--- Problem ---
Everything in the listing must be repeated exactly, apart from the images.

--- Collected material ---
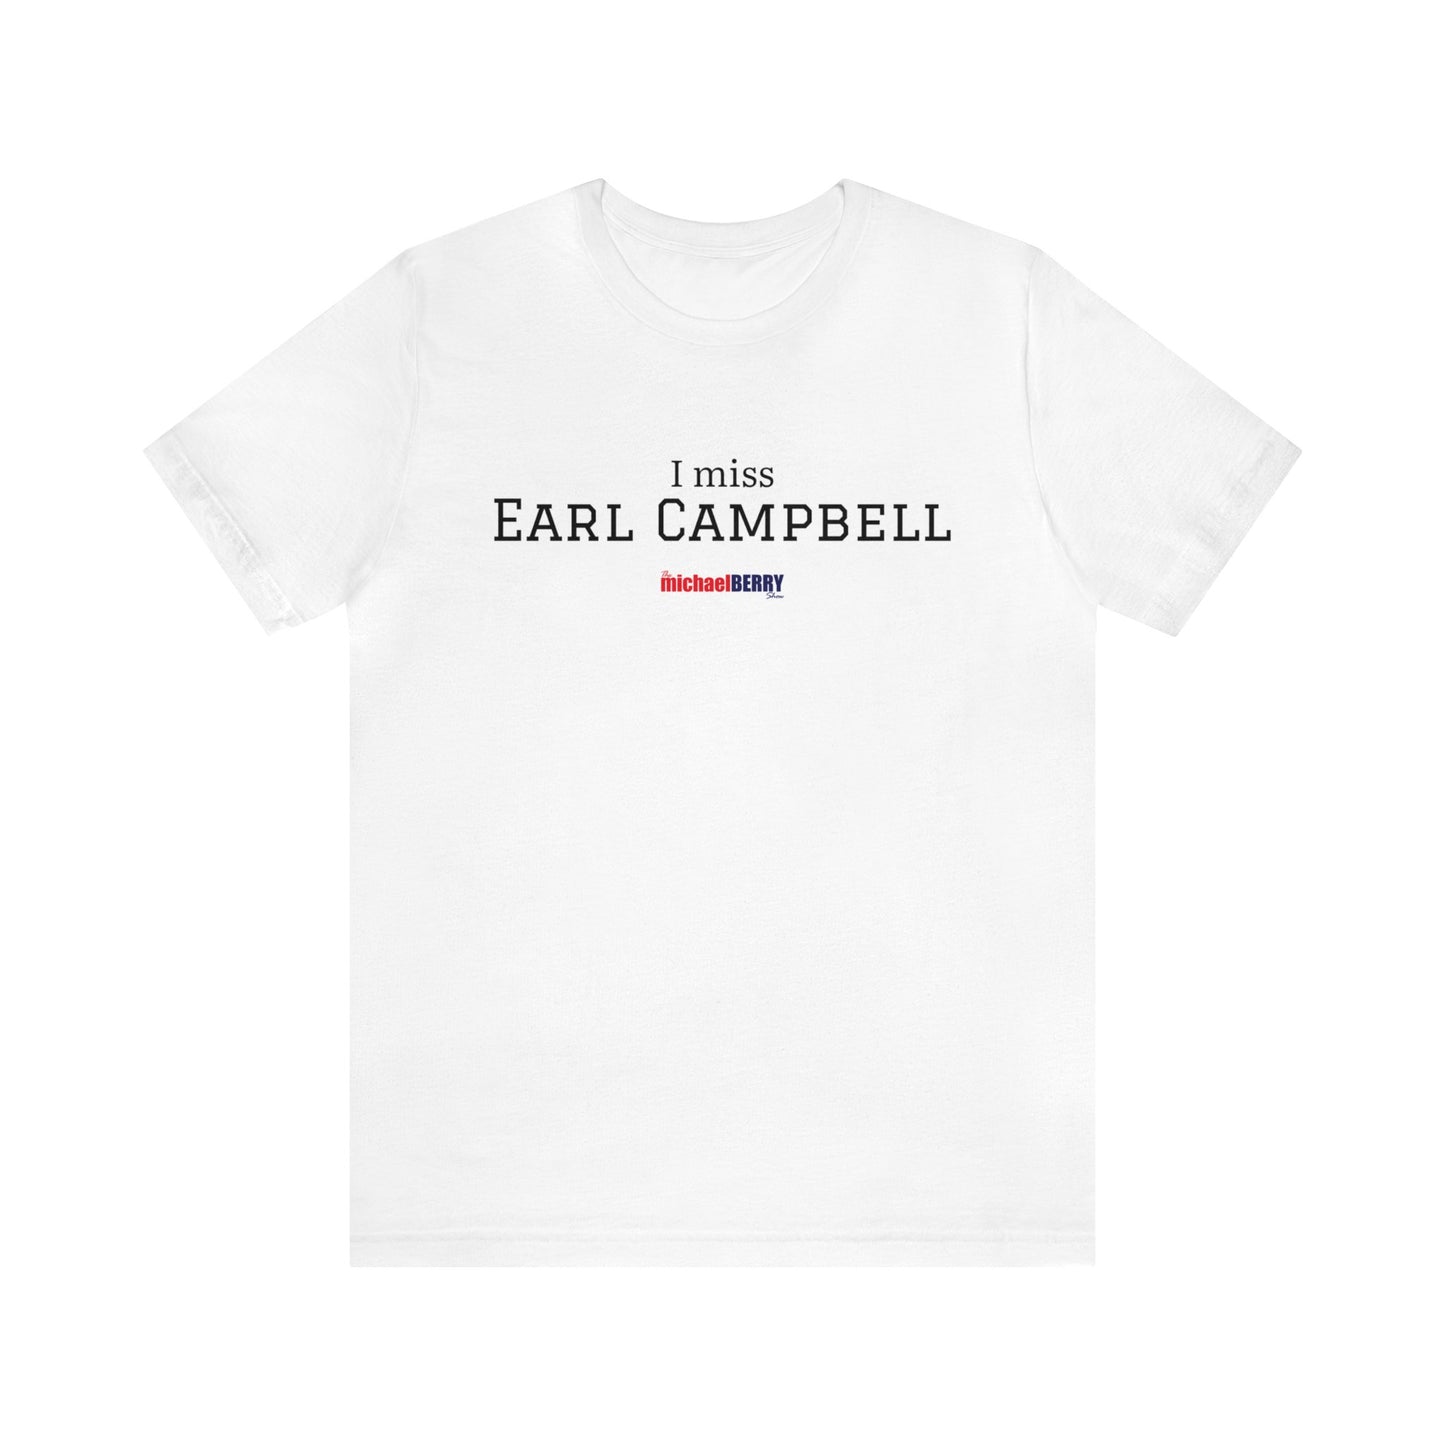 I miss EARL CAMPBELL - Unisex Jersey Short Sleeve Tee
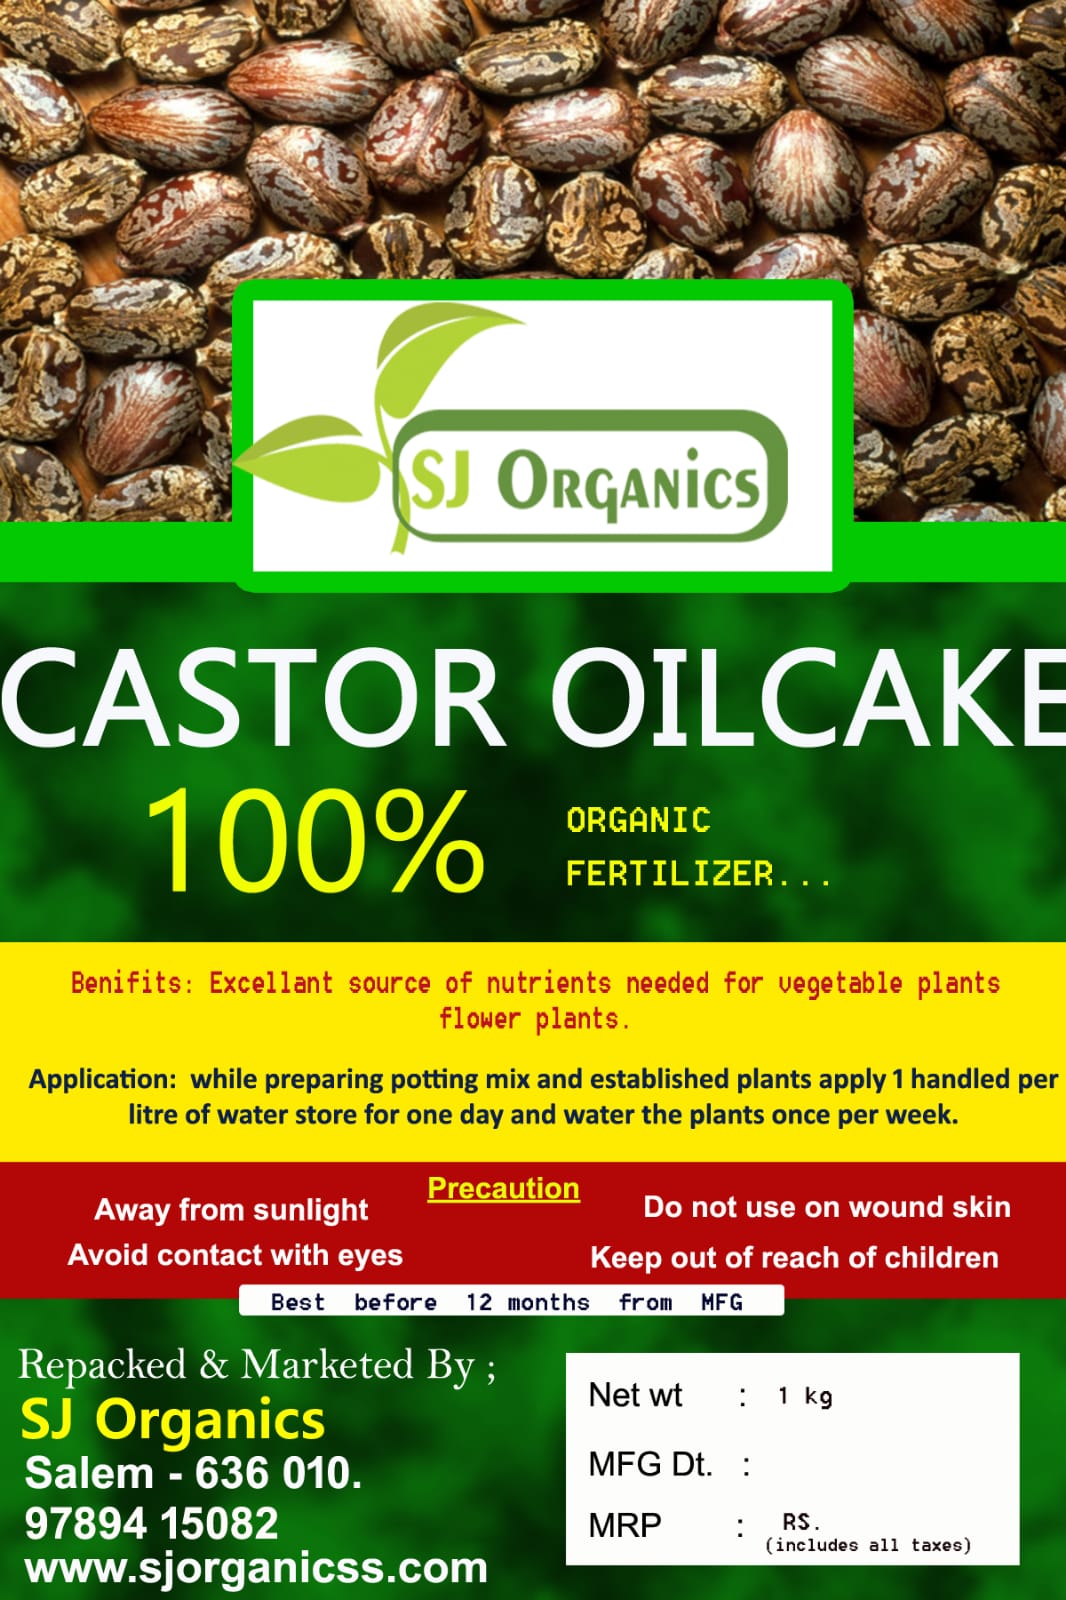 Rudra Castor Oil cake Powder soil manure (2.2 KG) Fertilizer Price in India  - Buy Rudra Castor Oil cake Powder soil manure (2.2 KG) Fertilizer online  at Flipkart.com
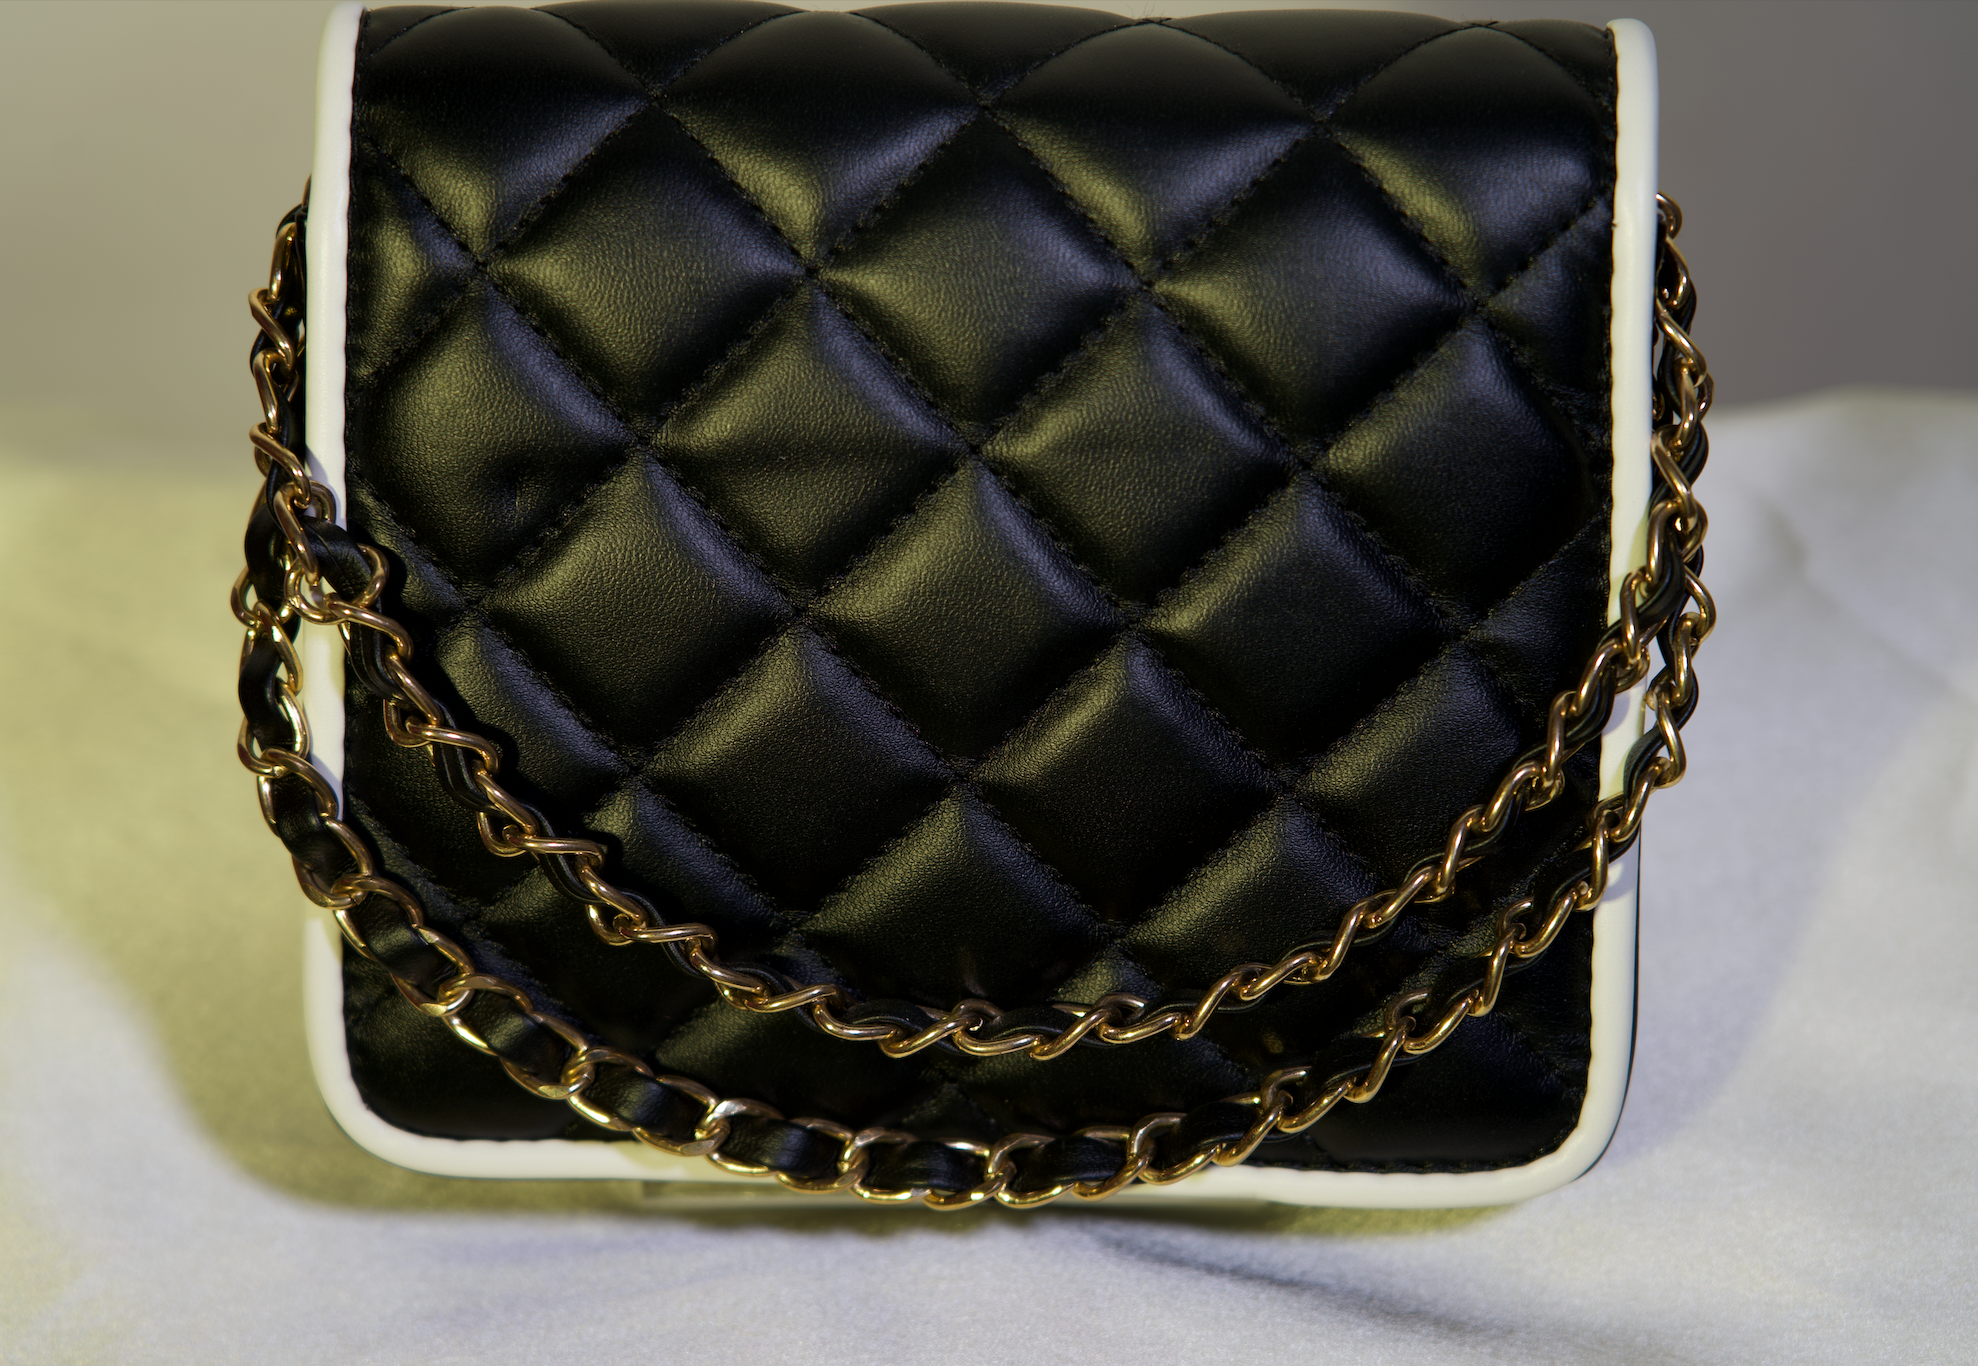 Black and White Puffy Leather Handbag

--- Expected output ---
 I miss EARL CAMPBELL - Unisex Jersey Short Sleeve Tee
 Rudra Castor Oil cake Powder soil manure (2.2 KG) Fertilizer Price in India  - Buy Rudra Castor Oil cake Powder soil manure (2.2 KG) Fertilizer online  at Flipkart.com
 Black and White Puffy Leather Handbag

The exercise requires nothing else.